Wednesday, February 14, 2018

Review - Musketeers #1 (@zenescope)


"The book of fables chose you three, to activate your dormant highborn heritage. The next choice is yours."

The Three Musketeers prided themselves on their teamwork and camaraderie, working flawlessly together to get out tough spots. That relationship is what allowed them to endure and in Musketeers #1 from Zenescope Entertainment that relationship is put through its paces. The issue is written by Terry Kavanagh, illustrated by Daniel Maine, colored by Bryan Valenza and lettered by Taylor Esposito.

A group of super-powered beings calling themselves the Musketeers has emerged in Philadelphia. Using their powers to help those in trouble - as well as giving themselves a lifestyle befitting champions - the line between hero and villain is easily blurred. While the team sees their actions as justified, the city's police force has their own ideas... ones that will see the Musketeers locked away.

Kavanagh is sort of walking a tightrope in the issue as he's introducing a new team while at the same time tying that team into the Zenescope universe at large. In that regard, he acquits himself well, very simply telling the reader who each character is, what their powers are and how they play into the larger story. There are some interpersonal dynamics at play in the issue for sure, but Kavanagh still keeps the pace up throughout. The dialogue is a little cheesy at points, offering pretty simple jokes to carry the humor. The end of the issue has enough of a surprise in it as well that will keep readers coming back for at least the second issue.

The style of art chosen by Maine is pretty straightforward in its approach. The characters are rendered with thin, clean lines that outline the characters without paying too much attention to the facial expressions and details. Maine's work stands out a bit more in his panel arrangement/layouts, in that there's not really a set layout for each of the pages. The variety and arrangement of panels gives the book some breathing room and Maine uses that to his advantage to keep up with the pace of the action. Valenza's colors are skewed towards red and blues in a way that effectively demonstrates the dichotomy between the forces of good and evil at play.

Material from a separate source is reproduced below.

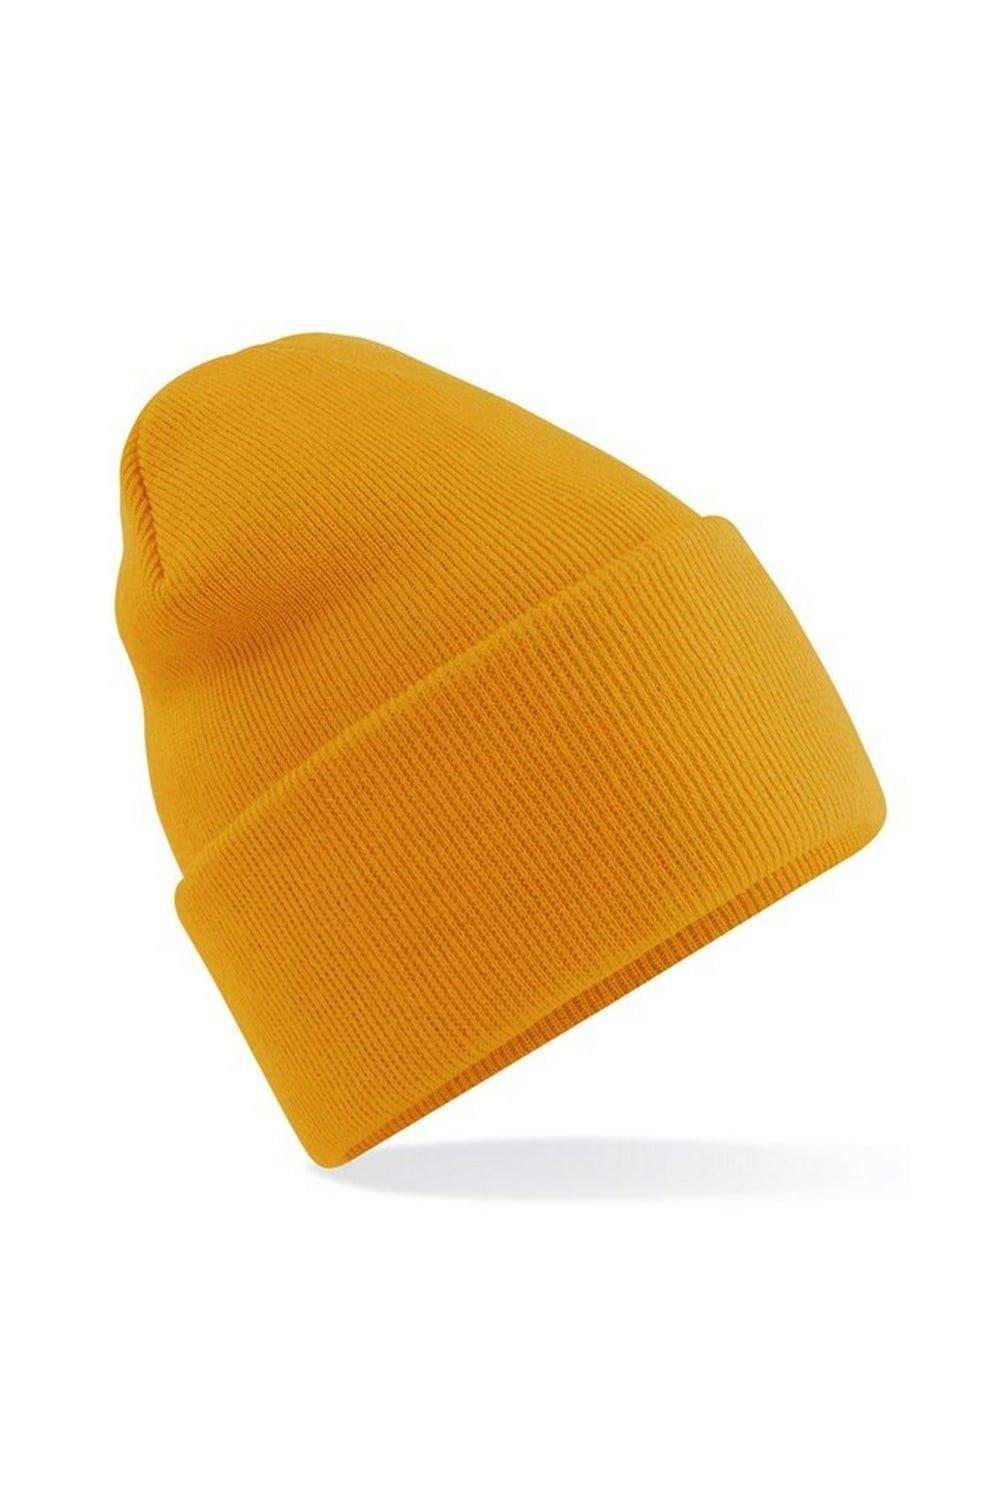 Оригинальная шапка-бини с отвернутыми манжетами Beechfield, желтый оригинальная зимняя шапка бини с манжетами beechfield красный
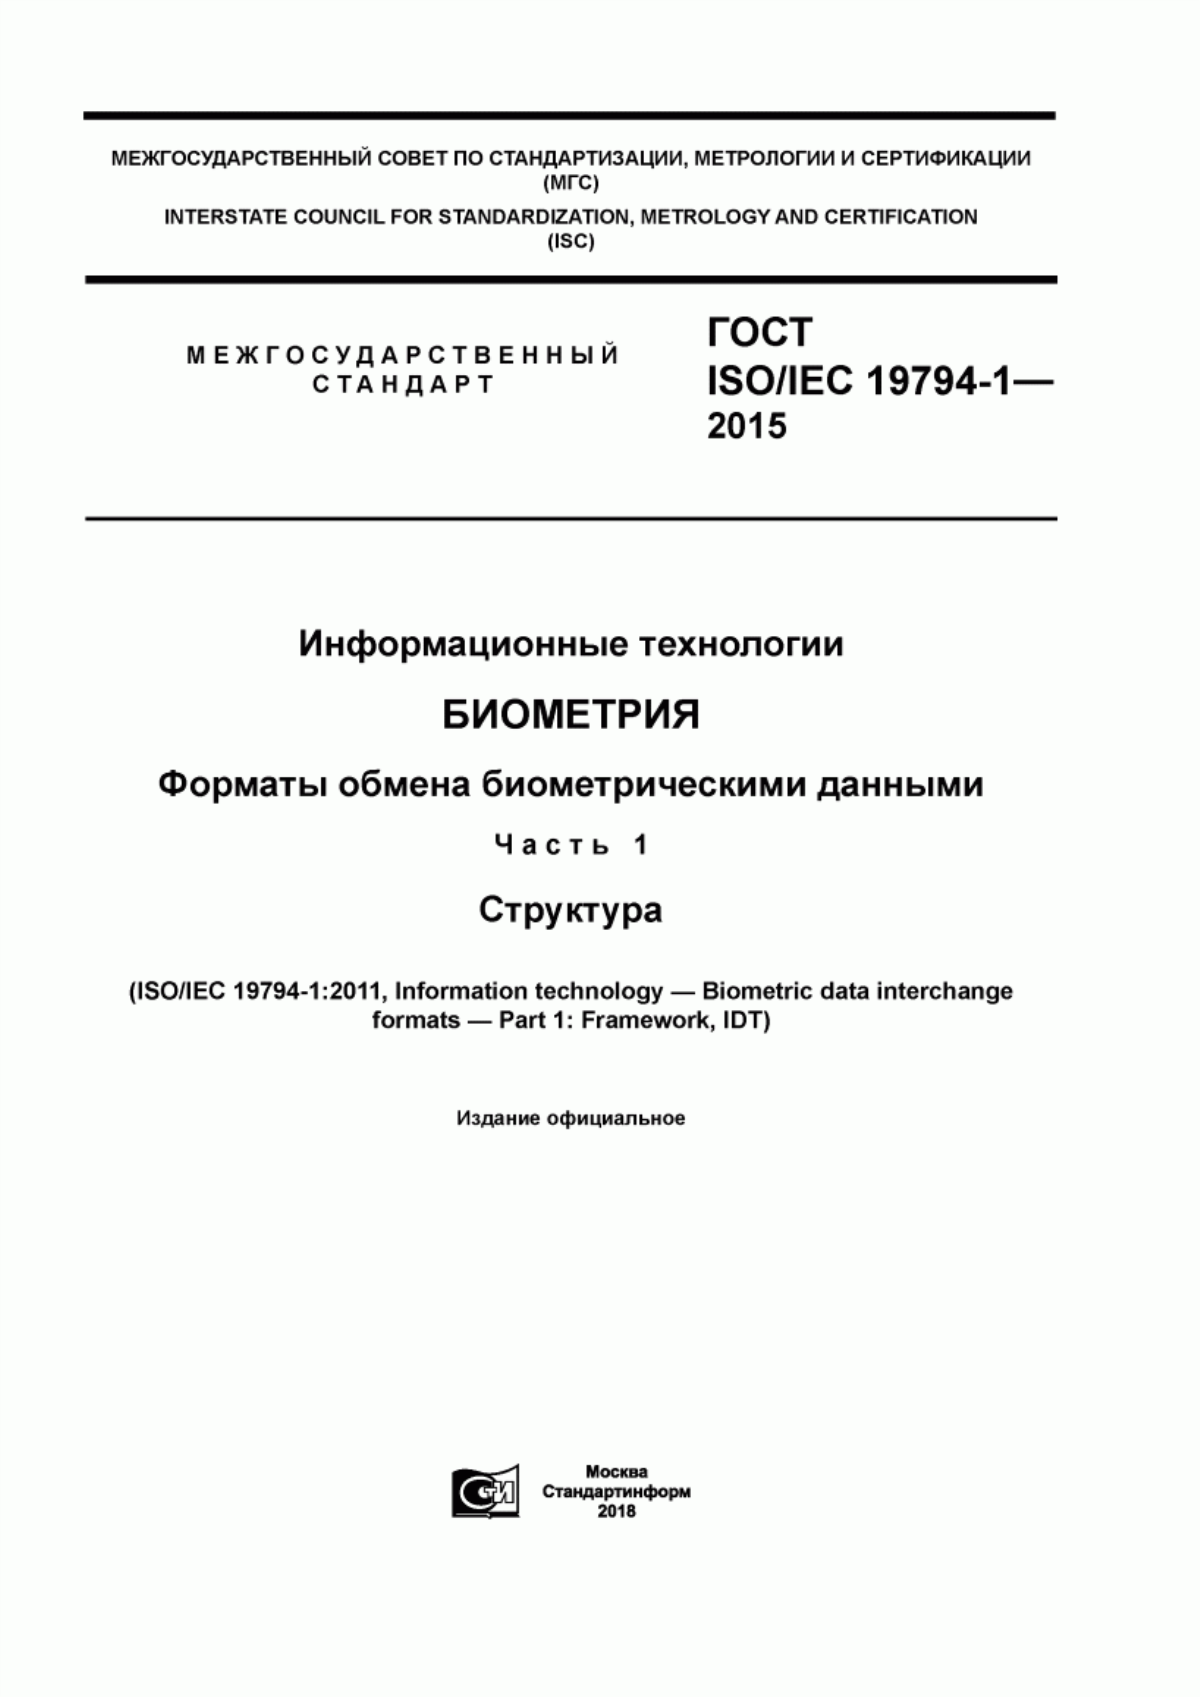 ГОСТ ISO/IEC 19794-1-2015 Информационные технологии. Биометрия. Форматы обмена биометрическими данными. Часть 1. Структура

Musketeers #1 is a new entry in the Zenescope universe, even if the players and plot feel familiar. The Musketeers are tasked with both recognizing their newfound powers and learning to use them. Kavanagh's script is a pretty easy read and hits all the expository notes necessary for establishing the series. Maine's illustrations are a good fit for the tone of the book and keep up with the action well. Musketeers #1 is worth reading if you want to get even more Zenescope lore, mashing up two familiar properties into one.

Musketeers #1 is available February 21.